ASSIGNMENT → Please restate the data below word for word, omitting all images.

INFORMATION PROVIDED →
══════════════════════════════
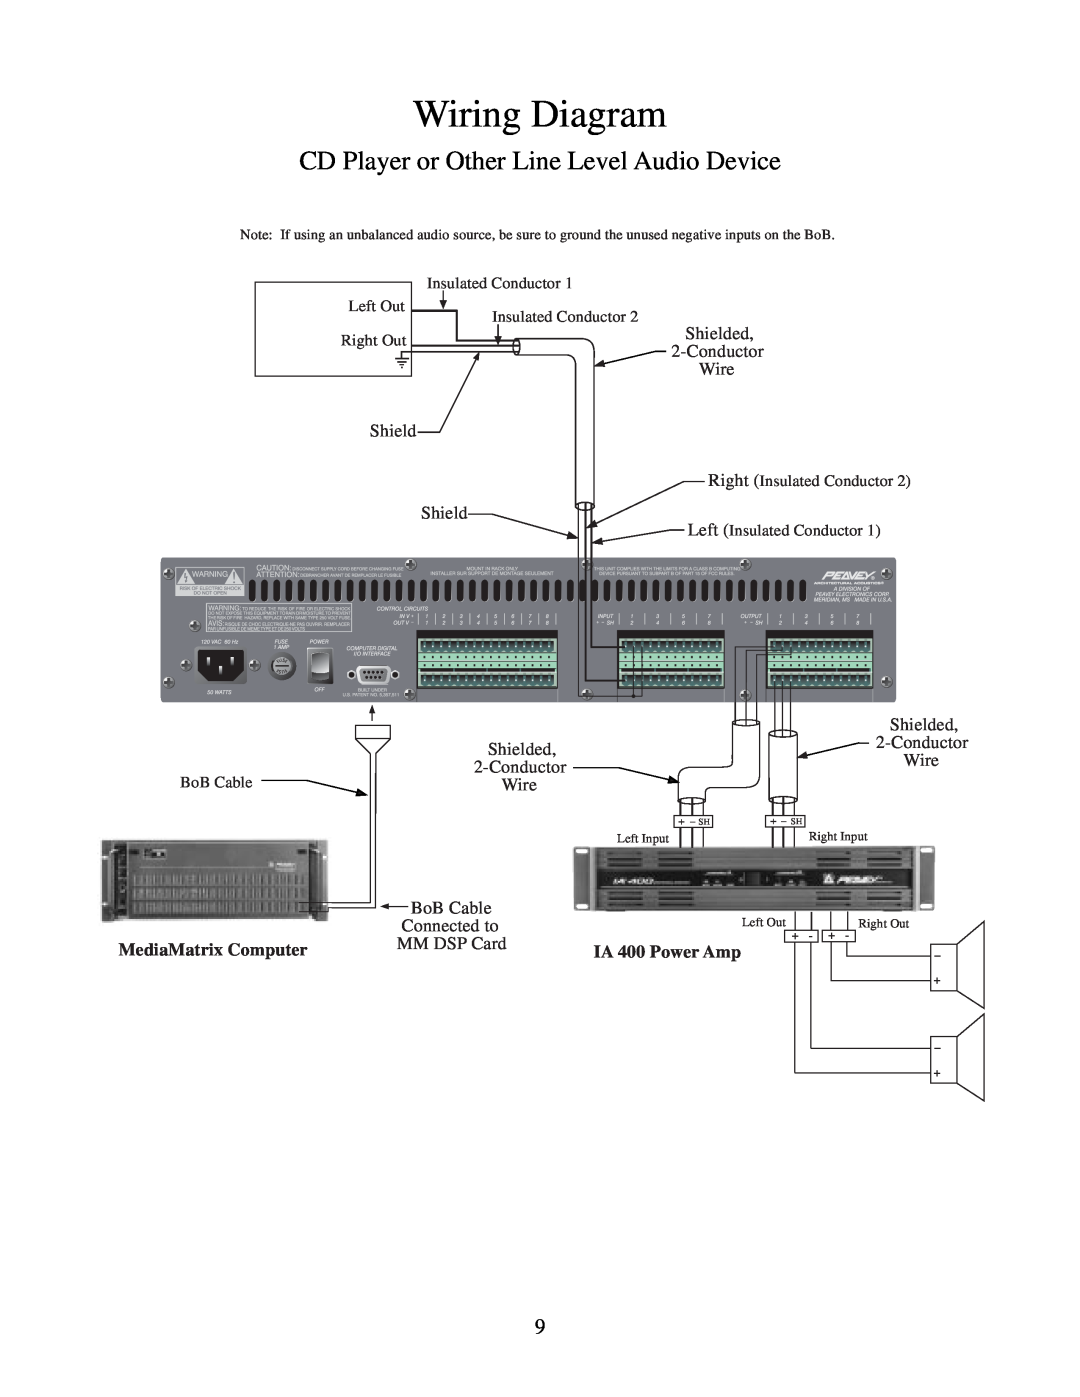 Peavey 646-049 Wiring Diagram, CD Player or Other Line Level Audio Device, IA 400 Power Amp, MediaMatrix Computer, + -Sh 
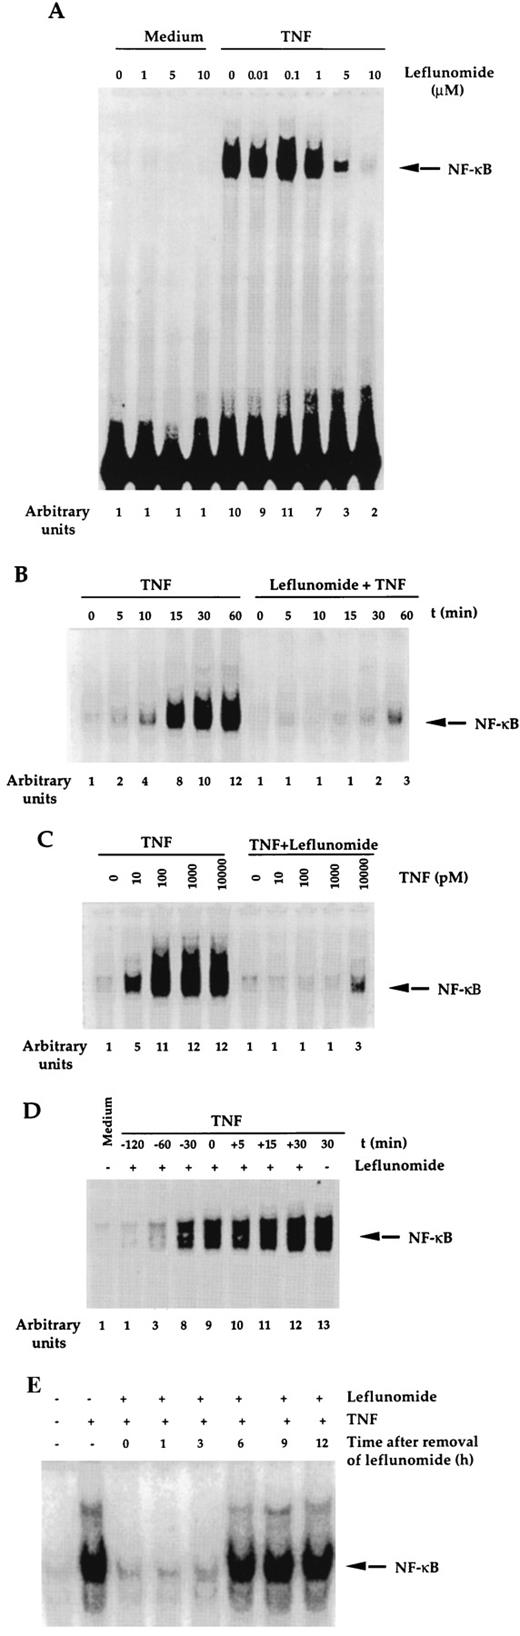 FIGURE 2. A, Dose response of leflunomide for the inhibition of TNF-dependent NF-κB activation. Jurkat cells (2 × 106/ml) were preincubated at 37°C for 2 h with different concentrations (0–10 μM) of leflunomide followed by 30-min incubation with 0.1 nM TNF. After these treatments, nuclear extracts were prepared and then assayed for NF-κB as described in Materials and Methods. Arbitrary units at the bottom correspond to quantitation of NF-κB bands. B, Effect of leflunomide on the kinetics of activation of NF-κB by TNF. Jurkat cells (2 × 106/ml) were incubated at 37°C with 10 μM leflunomide for 2 h, treated with 0.1 nM TNF at 37°C for the times indicated, and then tested for NF-κB activation by EMSA. C, Effect of leflunomide on activation of NF-κB induced by different concentrations of TNF. Jurkat cells (2 × 106/ml) were incubated at 37°C with 10 μM leflunomide for 2 h and then tested for NF-κB activation at 37°C for 30 min with the concentrations of TNF indicated. After these treatments nuclear extracts were prepared and then assayed for NF-κB. D, Time course of inhibition of TNF-dependent NF-κB by leflunomide. Jurkat cells (2 × 106/ml) were preincubated at 37°C with 10 μM leflunomide for the indicated times and then tested for NF-κB activation at 37°C for 30 min either with or without 0.1 nM TNF. −, the time leflunomide was present before the addition of TNF; 0, coincubation with TNF; +, the time leflunomide was added after TNF. After these treatments nuclear extracts were prepared and assayed for NF-κB. E, Reversal of the inhibitory effect of leflunomide on TNF-dependent NF-κB activation. Jurkat cells (2 × 106/ml) were preincubated at 37°C with 10 μM leflunomide; after 2 h leflunomide was washed off, and cells were cultured in drug-free medium for the indicated times and then tested for NF-κB activation after treatment with 0.1 nM TNF at 37°C for 30 min. After these treatments nuclear extracts were prepared and assayed for NF-κB.
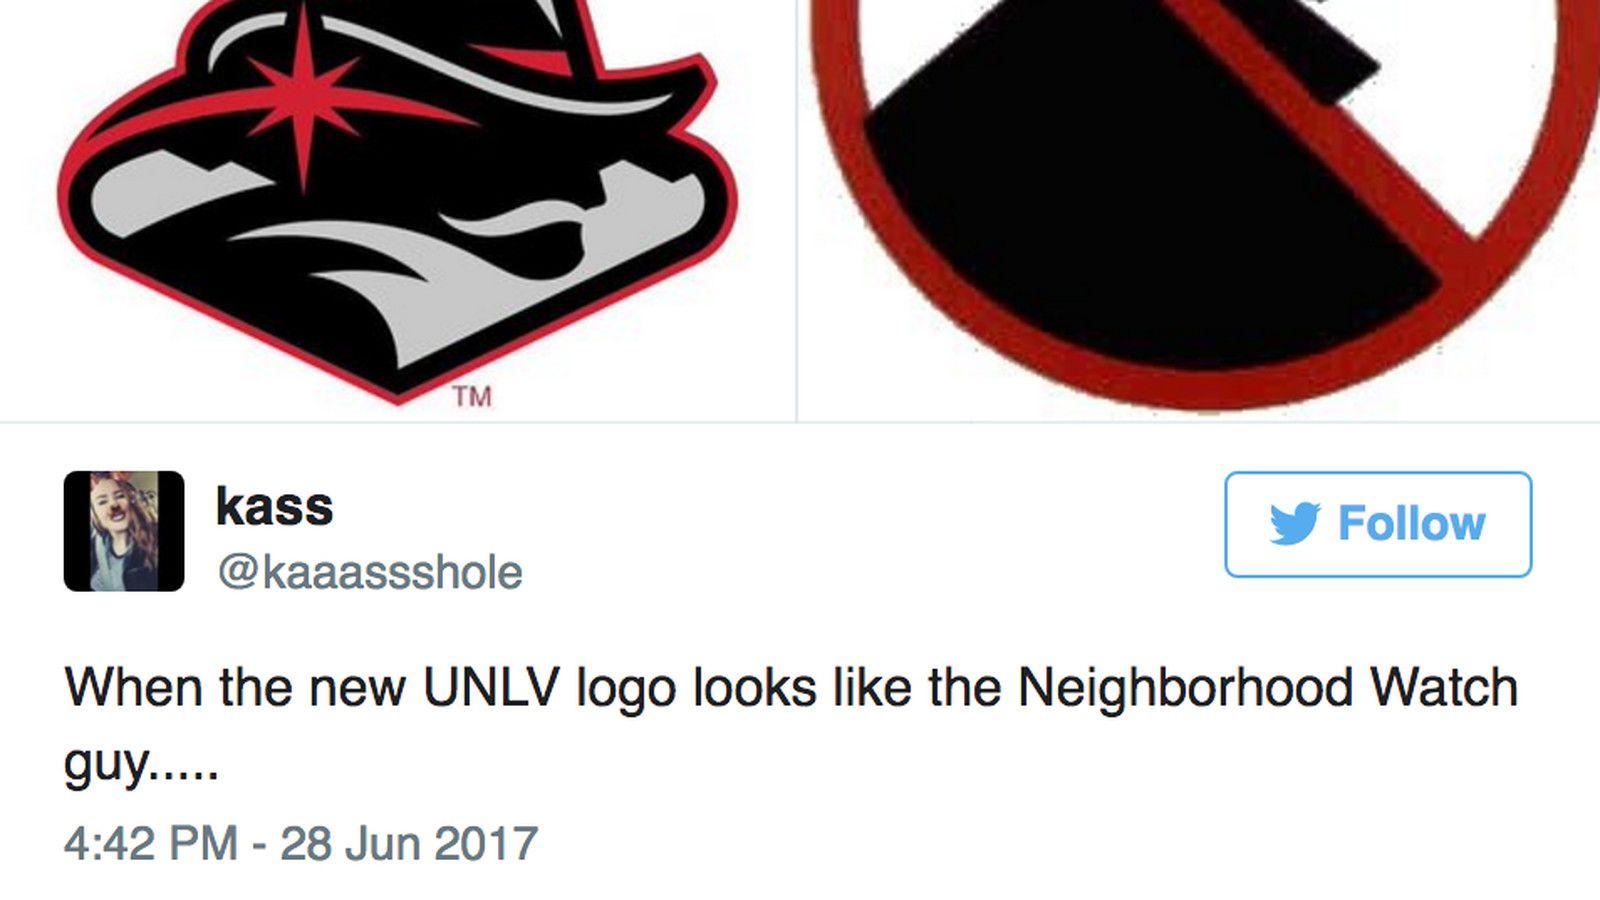 UNLV Logo - What does UNLV's complicated new logo look like to you?
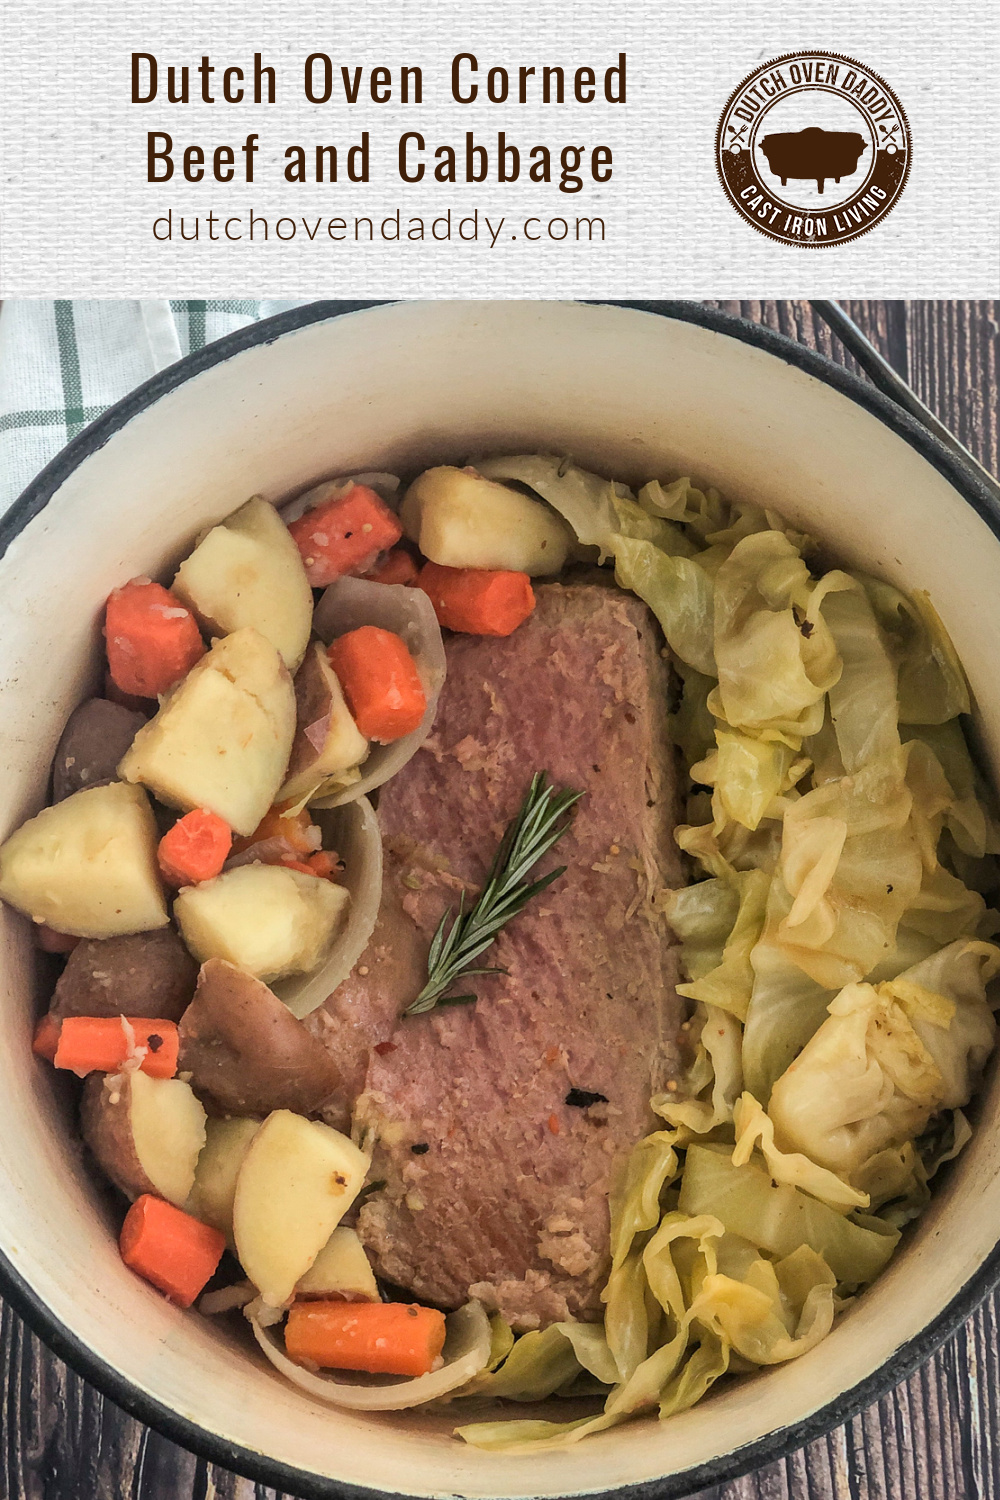 Dutch Oven Corned Beef and Cabbage - Dutch Oven Daddy
══════════════════════════════
WRITTEN SOLUTION →
 Peavey 646-049 Wiring Diagram, CD Player or Other Line Level Audio Device, IA 400 Power Amp, MediaMatrix Computer, + -Sh 
 FIGURE 2. A, Dose response of leflunomide for the inhibition of TNF-dependent NF-κB activation. Jurkat cells (2 × 106/ml) were preincubated at 37°C for 2 h with different concentrations (0–10 μM) of leflunomide followed by 30-min incubation with 0.1 nM TNF. After these treatments, nuclear extracts were prepared and then assayed for NF-κB as described in Materials and Methods. Arbitrary units at the bottom correspond to quantitation of NF-κB bands. B, Effect of leflunomide on the kinetics of activation of NF-κB by TNF. Jurkat cells (2 × 106/ml) were incubated at 37°C with 10 μM leflunomide for 2 h, treated with 0.1 nM TNF at 37°C for the times indicated, and then tested for NF-κB activation by EMSA. C, Effect of leflunomide on activation of NF-κB induced by different concentrations of TNF. Jurkat cells (2 × 106/ml) were incubated at 37°C with 10 μM leflunomide for 2 h and then tested for NF-κB activation at 37°C for 30 min with the concentrations of TNF indicated. After these treatments nuclear extracts were prepared and then assayed for NF-κB. D, Time course of inhibition of TNF-dependent NF-κB by leflunomide. Jurkat cells (2 × 106/ml) were preincubated at 37°C with 10 μM leflunomide for the indicated times and then tested for NF-κB activation at 37°C for 30 min either with or without 0.1 nM TNF. −, the time leflunomide was present before the addition of TNF; 0, coincubation with TNF; +, the time leflunomide was added after TNF. After these treatments nuclear extracts were prepared and assayed for NF-κB. E, Reversal of the inhibitory effect of leflunomide on TNF-dependent NF-κB activation. Jurkat cells (2 × 106/ml) were preincubated at 37°C with 10 μM leflunomide; after 2 h leflunomide was washed off, and cells were cultured in drug-free medium for the indicated times and then tested for NF-κB activation after treatment with 0.1 nM TNF at 37°C for 30 min. After these treatments nuclear extracts were prepared and assayed for NF-κB.
 UNLV Logo - What does UNLV's complicated new logo look like to you?
 Dutch Oven Corned Beef and Cabbage - Dutch Oven Daddy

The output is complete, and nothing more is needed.